This kind of license review isn’t complicated, but it does require someone with admin access and an hour or two to work through the data. For most small businesses, that means either dedicating internal time or asking your IT provider to run it for you.
The Bottom Line
Microsoft 365 Business is a solid platform that most small businesses genuinely benefit from. The problem isn’t the product — it’s that the licensing model rewards inertia. Microsoft makes it easy to sign up and easy to never revisit what you’re paying for.
With the July 2026 price increases now confirmed, the cost of that inertia just went up. The businesses that take 90 minutes to audit their licenses before their next renewal will either save money, get better coverage for the same money, or both.

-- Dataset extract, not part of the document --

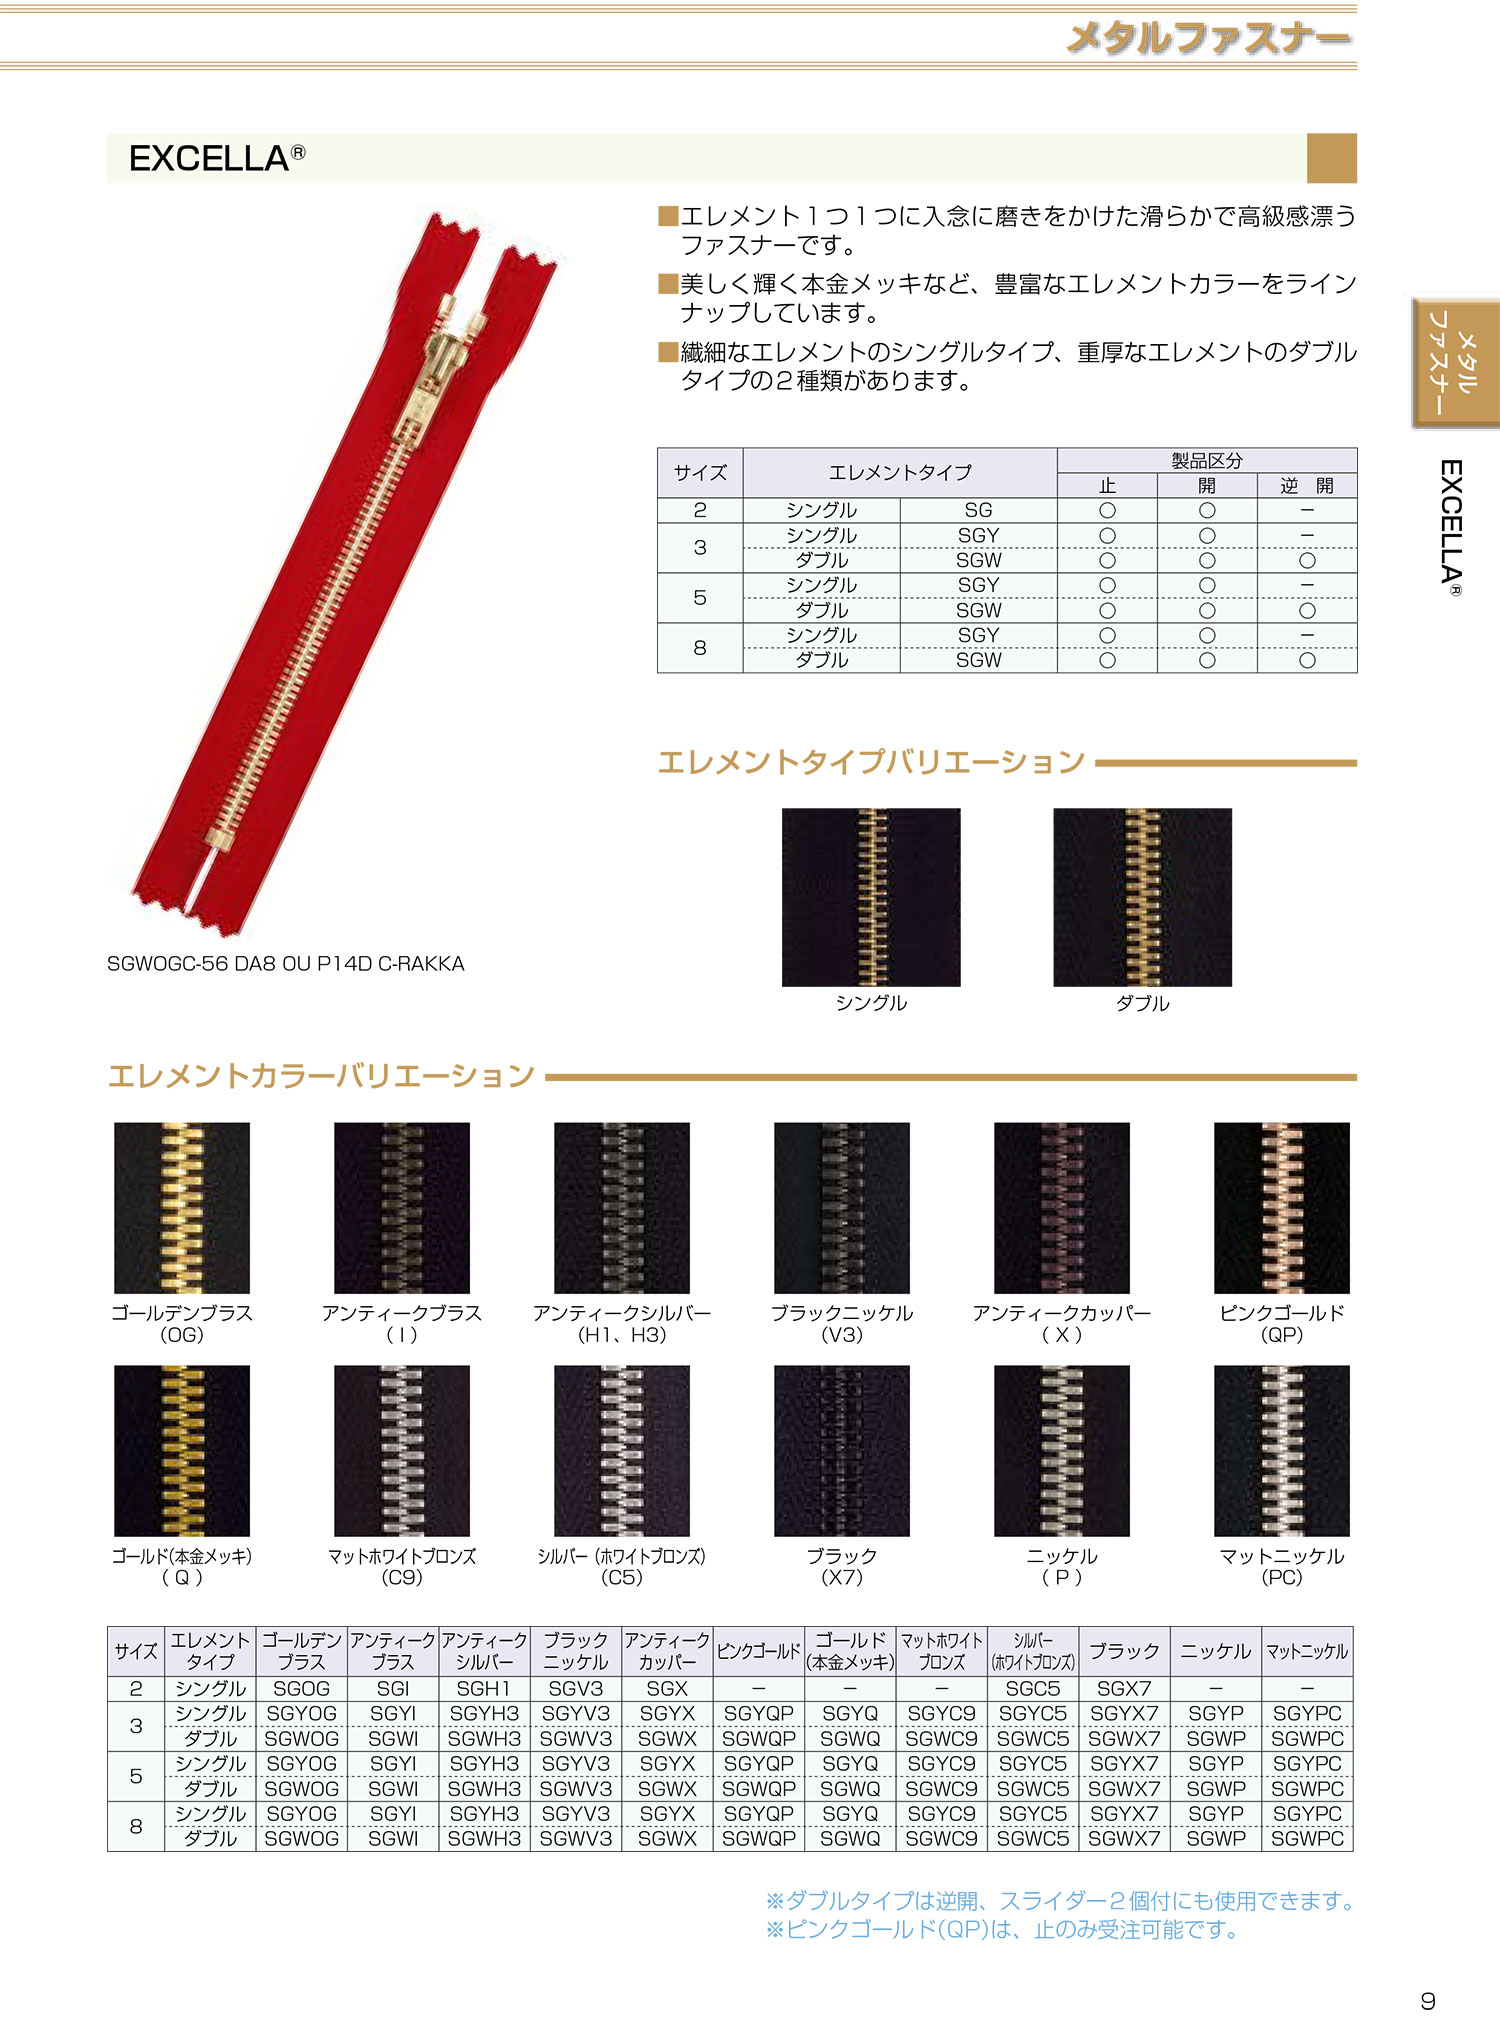 5SGYQPC エクセラ 5サイズ ピンクゴールド 止め シングル[ファスナー] YKK/オークラ商事 - ApparelX アパレル資材卸通販
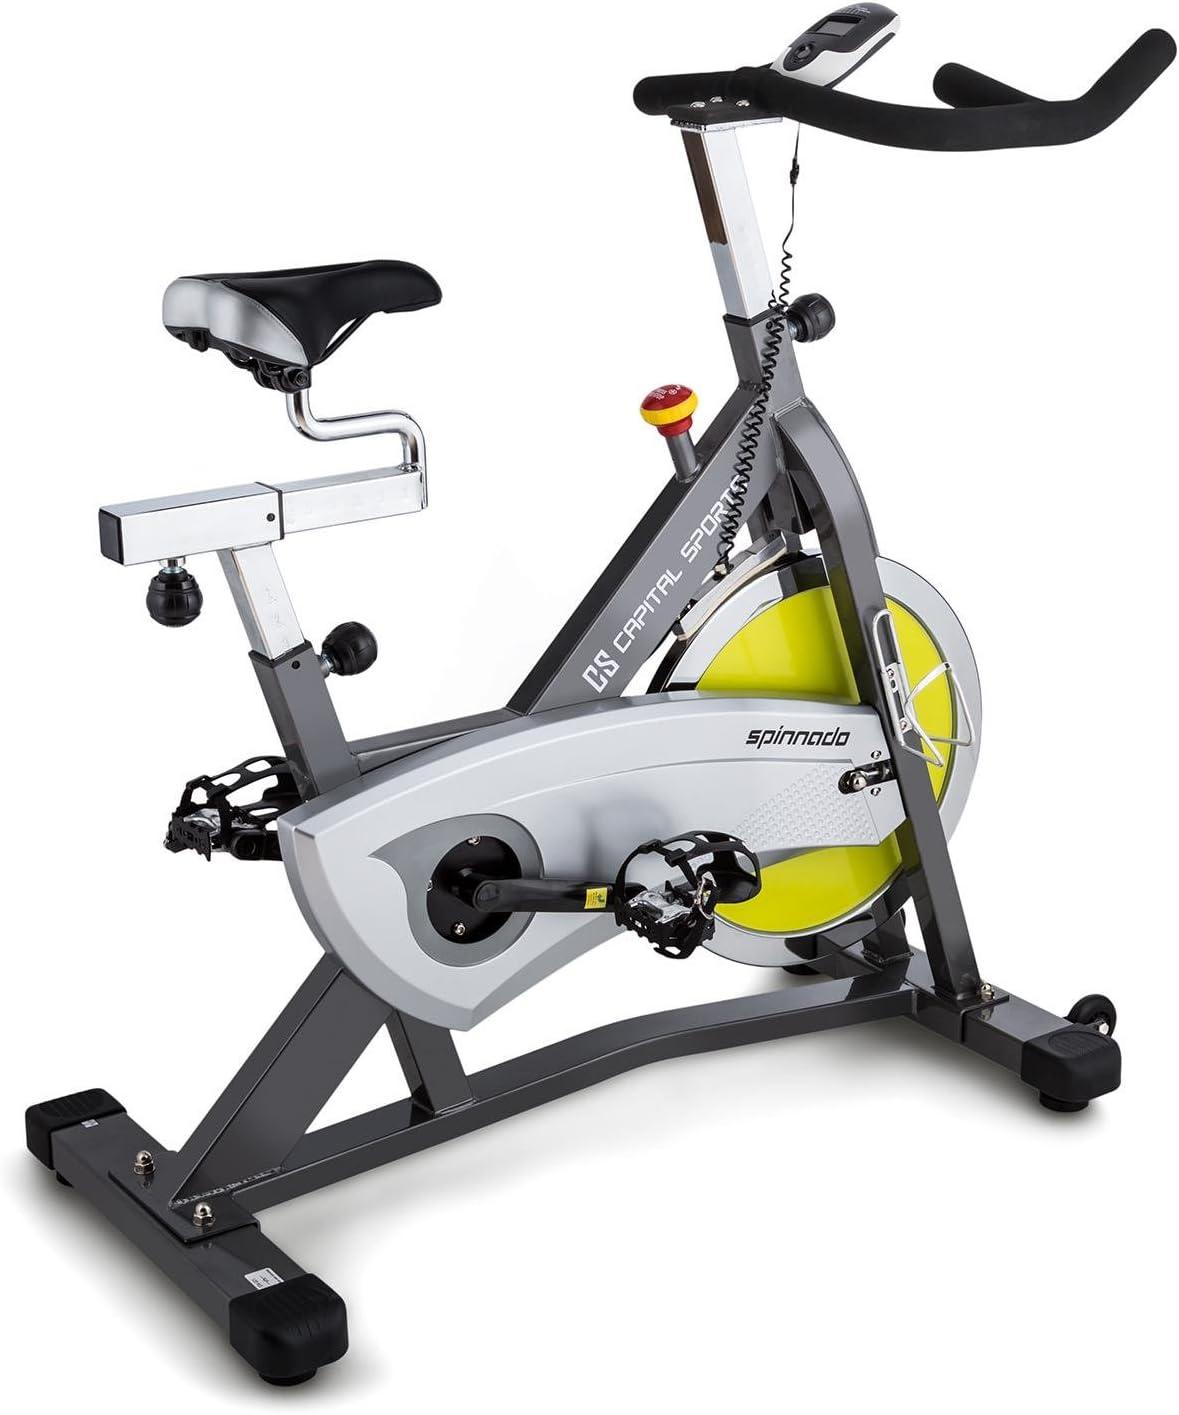 Capital Sports Ergo Bicicleta ergom/étrica 18 kg de masa oscilante, sill/ín ajustable, monitor entrenamiento, carga m/áxima 125 kg gris

The ones that don’t will simply pay more for the same situation they’re already in.
If you’d like help reviewing your Microsoft 365 licensing — understanding what you’re on, what you actually need, and what to cut — we do this as part of our managed IT work for Atlanta-area businesses. We’ll tell you what makes sense and what doesn’t, even if that means a smaller Microsoft bill.
Sources
- Microsoft Licensing: 2026 M365 Pricing and Packaging Updates
- SAMexpert: Microsoft 365 July 2026 Price Increase Analysis
- Forrester TEI: Total Economic Impact of Microsoft 365 for Business
- Microsoft: M365 Copilot ROI Study for SMBs (Forrester, 2024)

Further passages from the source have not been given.